Sarajevo Tobacco Factory
- Company type: Public
- Industry: Tobacco
- Founded: 1880; 146 years ago
- Headquarters: Sarajevo, Bosnia and Herzegovina
- Products: Cigarettes
- Revenue: €54.43 million (2017)
- Net income: €33.28 million (2017)
- Total equity: €152.05 million (2017)
- Number of employees: 244 (2017)
- Website: www.fabrikaduhana.ba

= Sarajevo Tobacco Factory =

Sarajevo Tobacco Factory (Fabrika duhana Sarajevo; abbr. FDS) was a cigarette producer with headquarters in Sarajevo, Bosnia and Herzegovina.

==History==
The Sarajevo Tobacco Factory was founded in 1880, only two years after the occupation of Bosnia and Herzegovina by the Austro-Hungarian Empire in 1878. FDS was one of the first four industries in Bosnia and Herzegovina. For eighty years, FDS was located in Marijin Dvor, nowadays, the center of the city. At its founding, FDS consisted of only two buildings, production and administration. As production grew, the FDS complex became larger. It was finally formed in 1891, when the last of ten buildings was constructed.
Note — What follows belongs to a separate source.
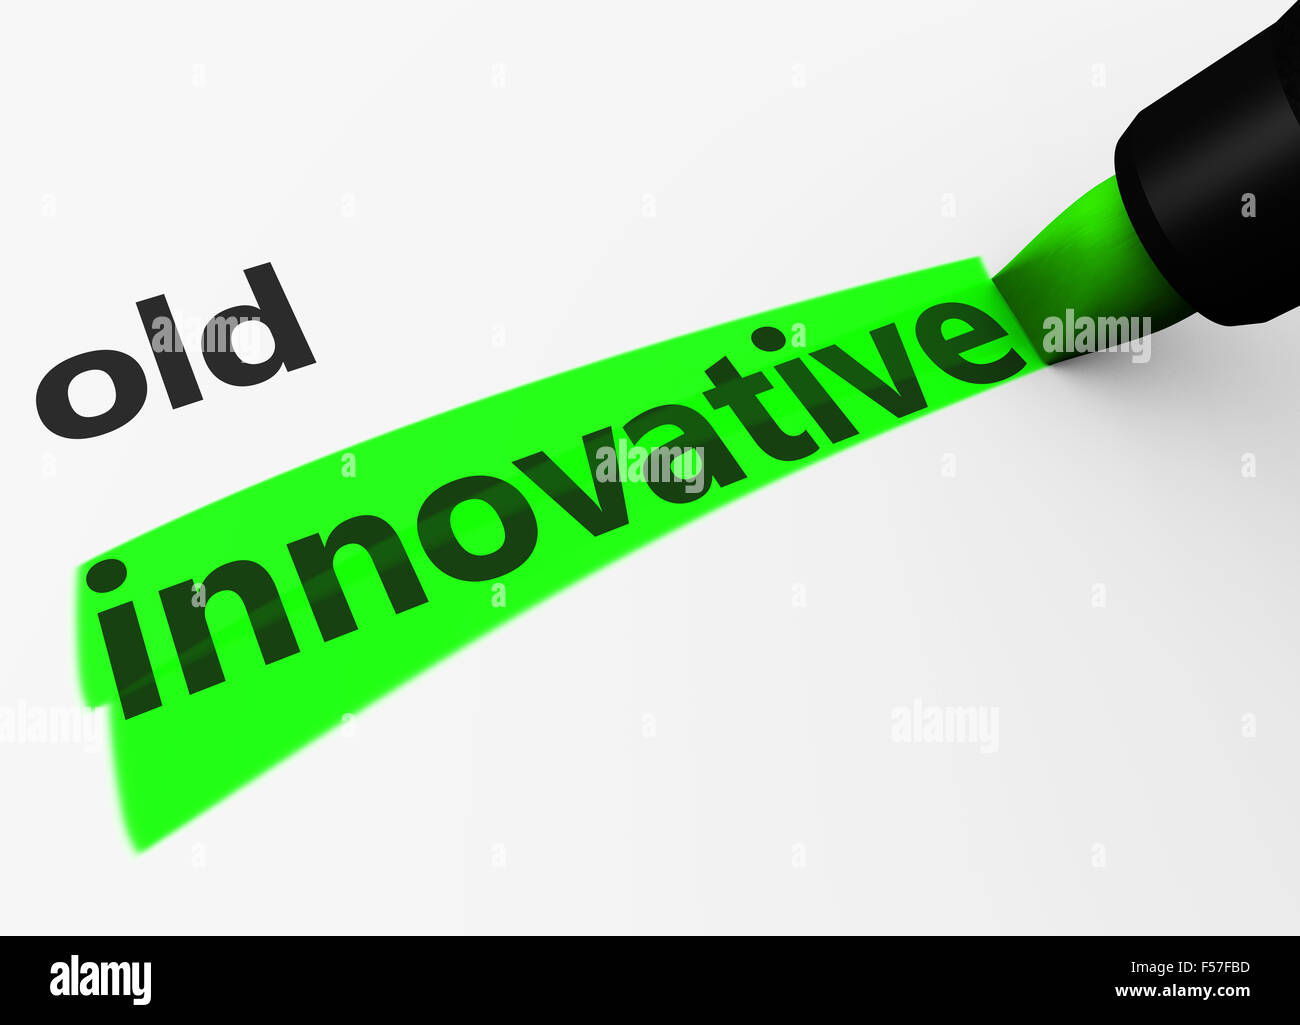 Innovation in business concept with a 3d render of old text and innovative word highlighted with a green marker. Stock Photo

This situation remained until the middle of the last century.

As the complex of FDS became larger, the number of employees also increased. In that early stage, it was mostly unskilled female labor. The first products of FDS were the cut tobacco packets produced manually in the device called “avan”. The tobacco used for these packets was of a different grade, and the packets were also different. During the Austro-Hungarian period, this product was exported.

The production of cigarettes started in 1882. They were produced manually until 1905 when the first automatic cigarette maker was obtained. By the beginning of World War I, FDS marketed 23 brands. They were packed in boxes made of wood, tin and cardboard. The smallest packet contained five and the largest one hundred cigarettes.

FDS stagnated between the two world wars, specially in respect to its equipment. Still, during that period 55 different machines were provided, some of them intended for fabrication of the cut tobacco packets and cigarettes and the rest were machine tools for the workshop. The production and packing of the cut tobacco and several brands of oval and round cigarettes continued also in this period. Cigarettes were packed in packets of 100 and even 500.

At the very beginning of the World War II the cut tobacco production decreased due to lower market demand. In this period, cigarette production also varied from year to year. During the war, FDS did not stop production, but it was dictated by the occupier. Ever since its foundation, for more than one century now, FDS has experienced many turbulent periods caused by the change of government and different social and political systems, but it has never stopped operating and producing.
===After World War 2===
FDS achieved success, not only in the market of SR Bosnia and Herzegovina, but also abroad including Egypt, Russia, Turkey and Japan.

The policy of FDS was to rely on its own labor. In 1946, the first machine (an automatic carton cutting machine) was constructed. Those machines, invented and constructed by the employees of FDS, were used in FDS and also sold to other companies in the former Yugoslavia. The machines designed in FDS include Glibo I to Glibo V. Today, the machines are primarily important as museum pieces, as they indicate the technological process in the factory.

In order to extend and modernize the facilities, a new factory complex was built in 1960 in the Pofalići area, occupying about 40 000 m^{2}. The complex consisted of several buildings and reached its final appearance in 1971, when the construction was completed. Construction was completely financed by the employees of FDS, setting a precedent at that time and in such an environment.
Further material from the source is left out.